Have you guys got any good literature on this program? That workout looks great and i wanna learn more about this kind of training.


----------



## P-funk (Nov 30, 2006)

Gazhole said:


> Have you guys got any good literature on this program? That workout looks great and i wanna learn more about this kind of training.



This book was were Bill Starr originally documented the program that everyone now uses.


----------



## Double D (Nov 30, 2006)

Witchblade said:


> I believe a lot of people also go to or near failure on the first set of 5 reps. That and adding additional exercises makes an already heavy program too heavy.



Exactly, thats why it is a must to eat, eat, eat....rest, rest, rest!


----------



## Gazhole (Nov 30, 2006)

P-funk said:


> This book was were Bill Starr originally documented the program that everyone now uses.



Cheers, P! Thats definitely going on my list to Santa


----------



## P-funk (Nov 30, 2006)

Gazhole said:


> Cheers, P! Thats definitely going on my list to Santa



Starting Strength is also a really great book which goes into this program.  You can get it on amazon.


----------



## Gazhole (Nov 30, 2006)

P-funk said:


> Starting Strength is also a really great book which goes into this program. You can get it on amazon.

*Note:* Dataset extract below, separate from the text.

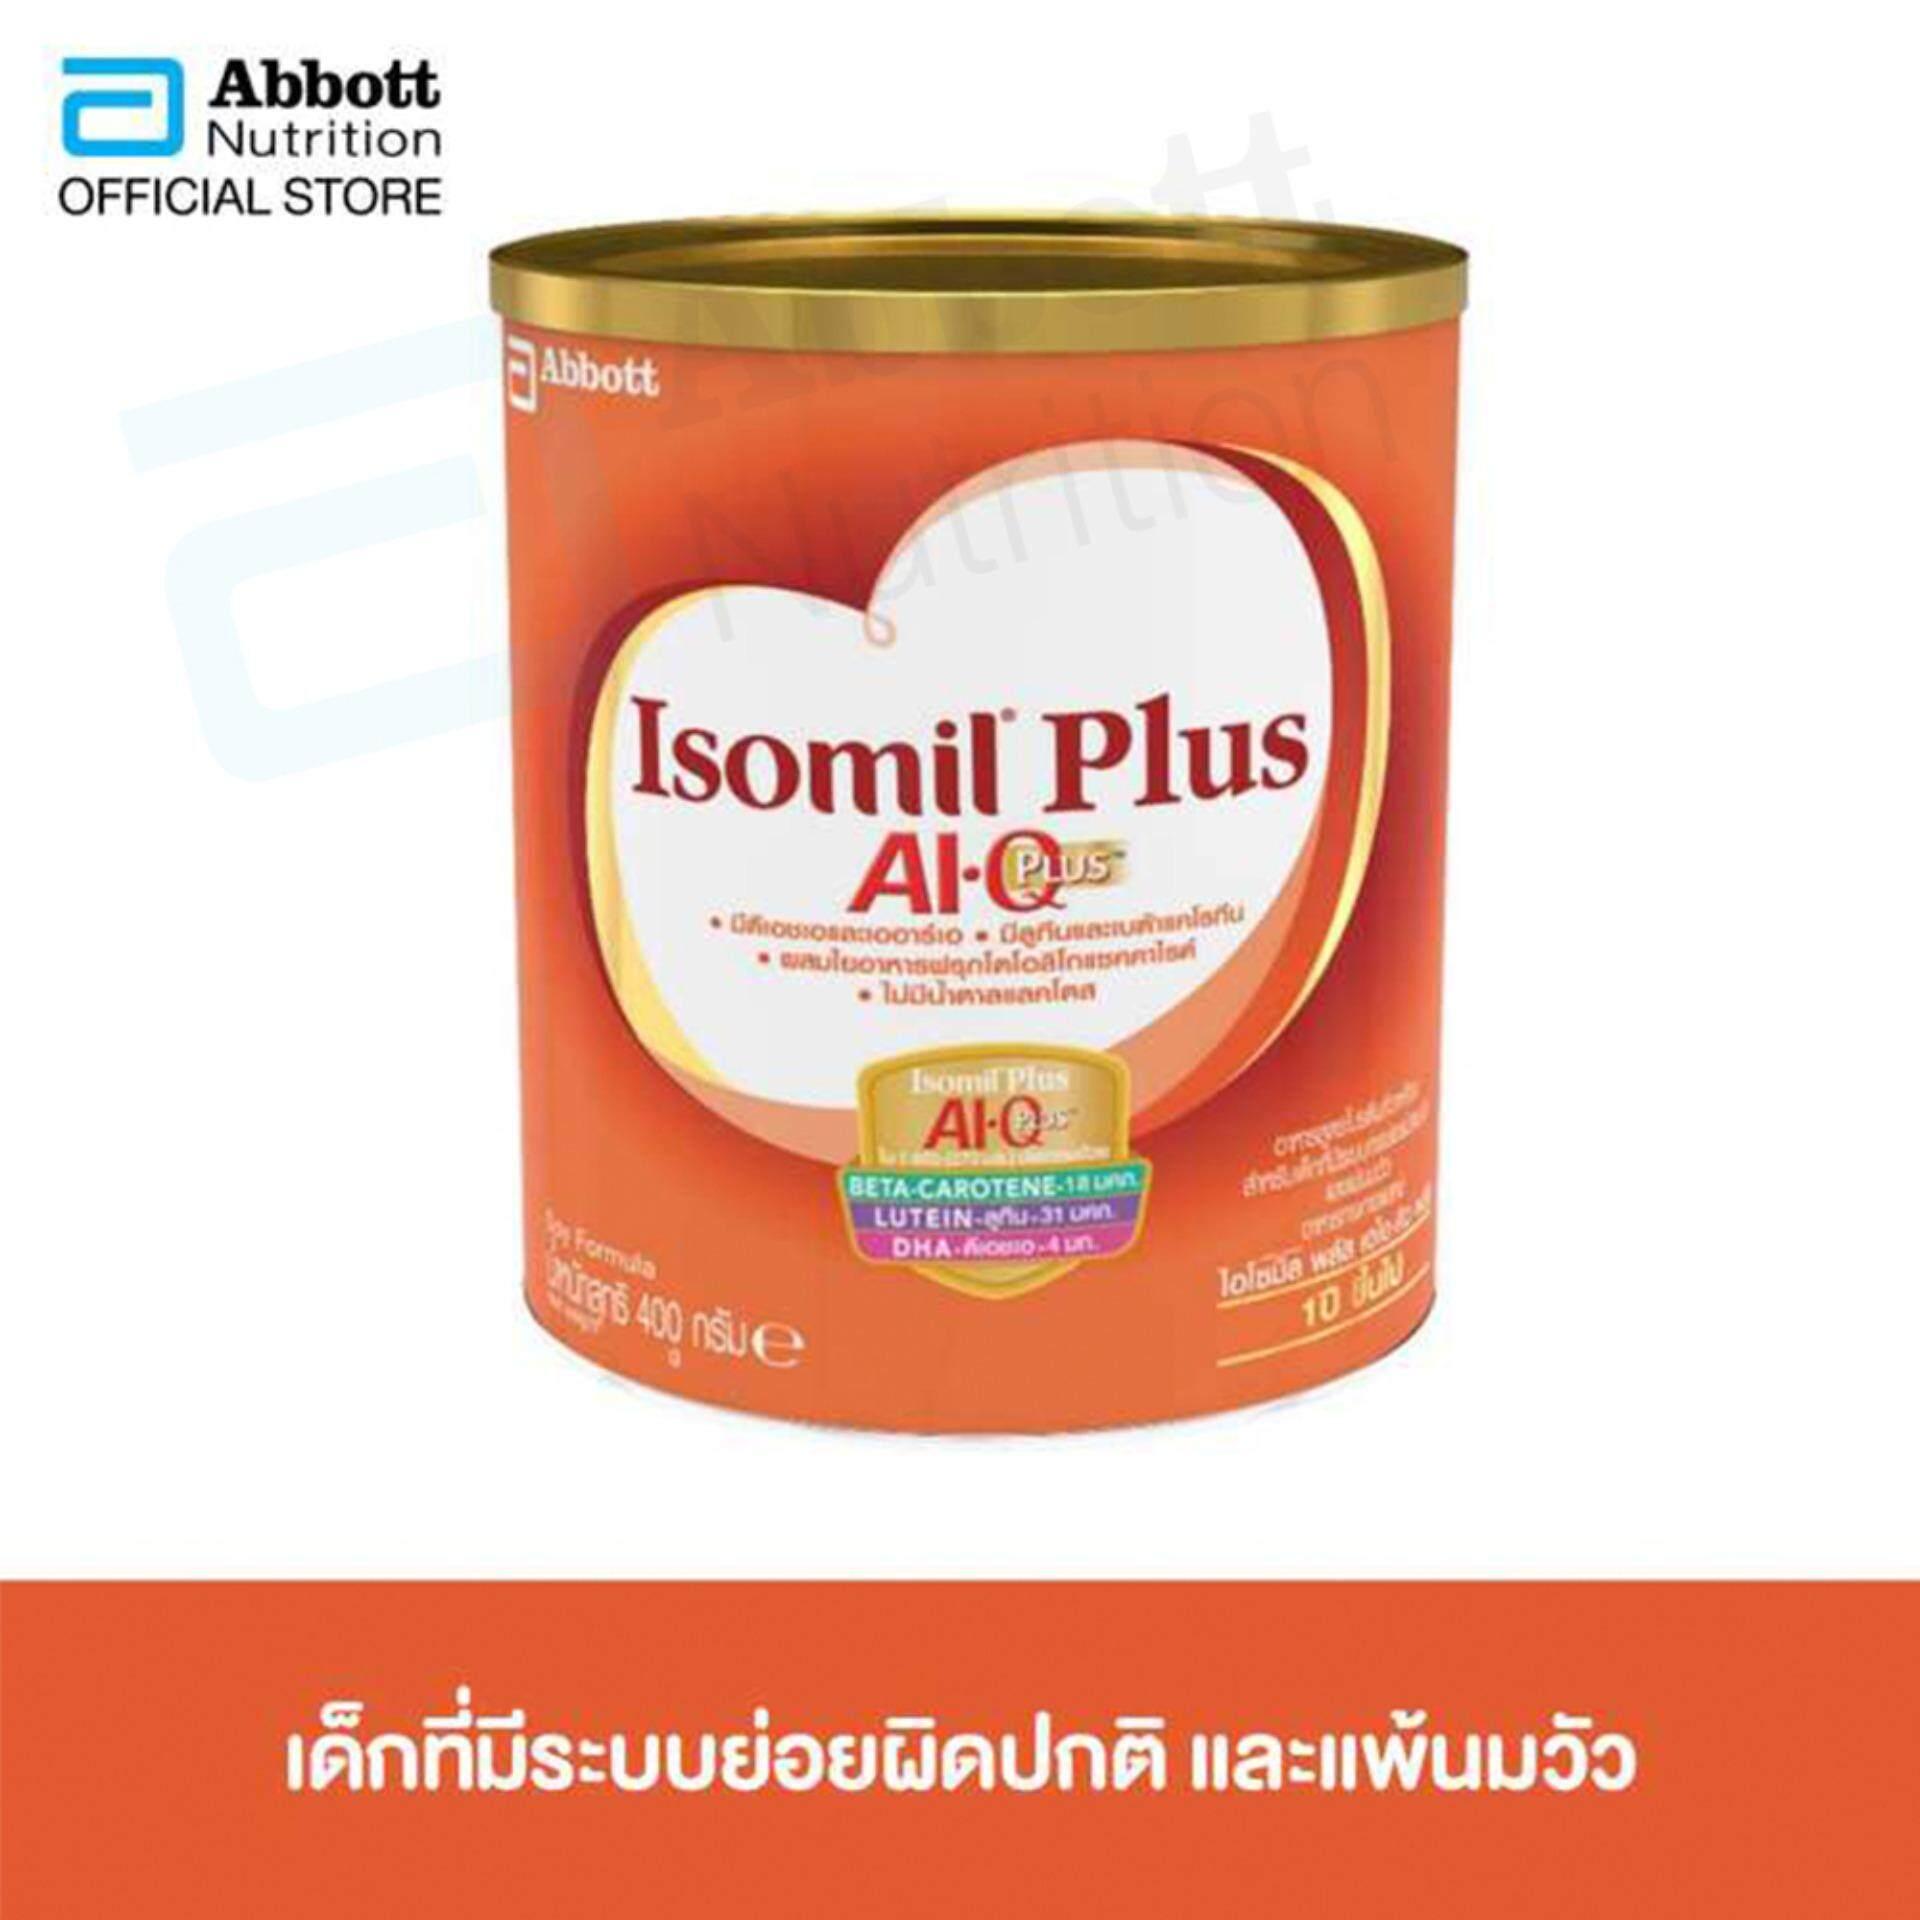 รีวิว [ส่งฟรี] Isomil Plus AI Q Plus 400g ไอโซมิล พลัส เอไอ คิว พลัส 400 กรัม 1 กระป๋อง นมผงสูตรพิเศษ Special Milk Powder

I've heard/seen a few people mention that one aswell. Is that by Bill Starr aswell, or somebody else?


----------



## P-funk (Nov 30, 2006)

Gazhole said:


> I've heard/seen a few people mention that one aswell. Is that by Bill Starr aswell, or somebody else?



Mark Rippetoe (or however you spell his last name).


----------



## Nate K (Nov 30, 2006)

I recently got half way through the progam but had to quit due to patellar tendon pain.  I will be trying  it again sometime/


----------



## Gazhole (Nov 30, 2006)

P-funk said:


> Mark Rippetoe (or however you spell his last name).



Excellent, everyone has been bugging me for present ideas aswell. Apparently im difficult to buy for...

Cheers, dude!


----------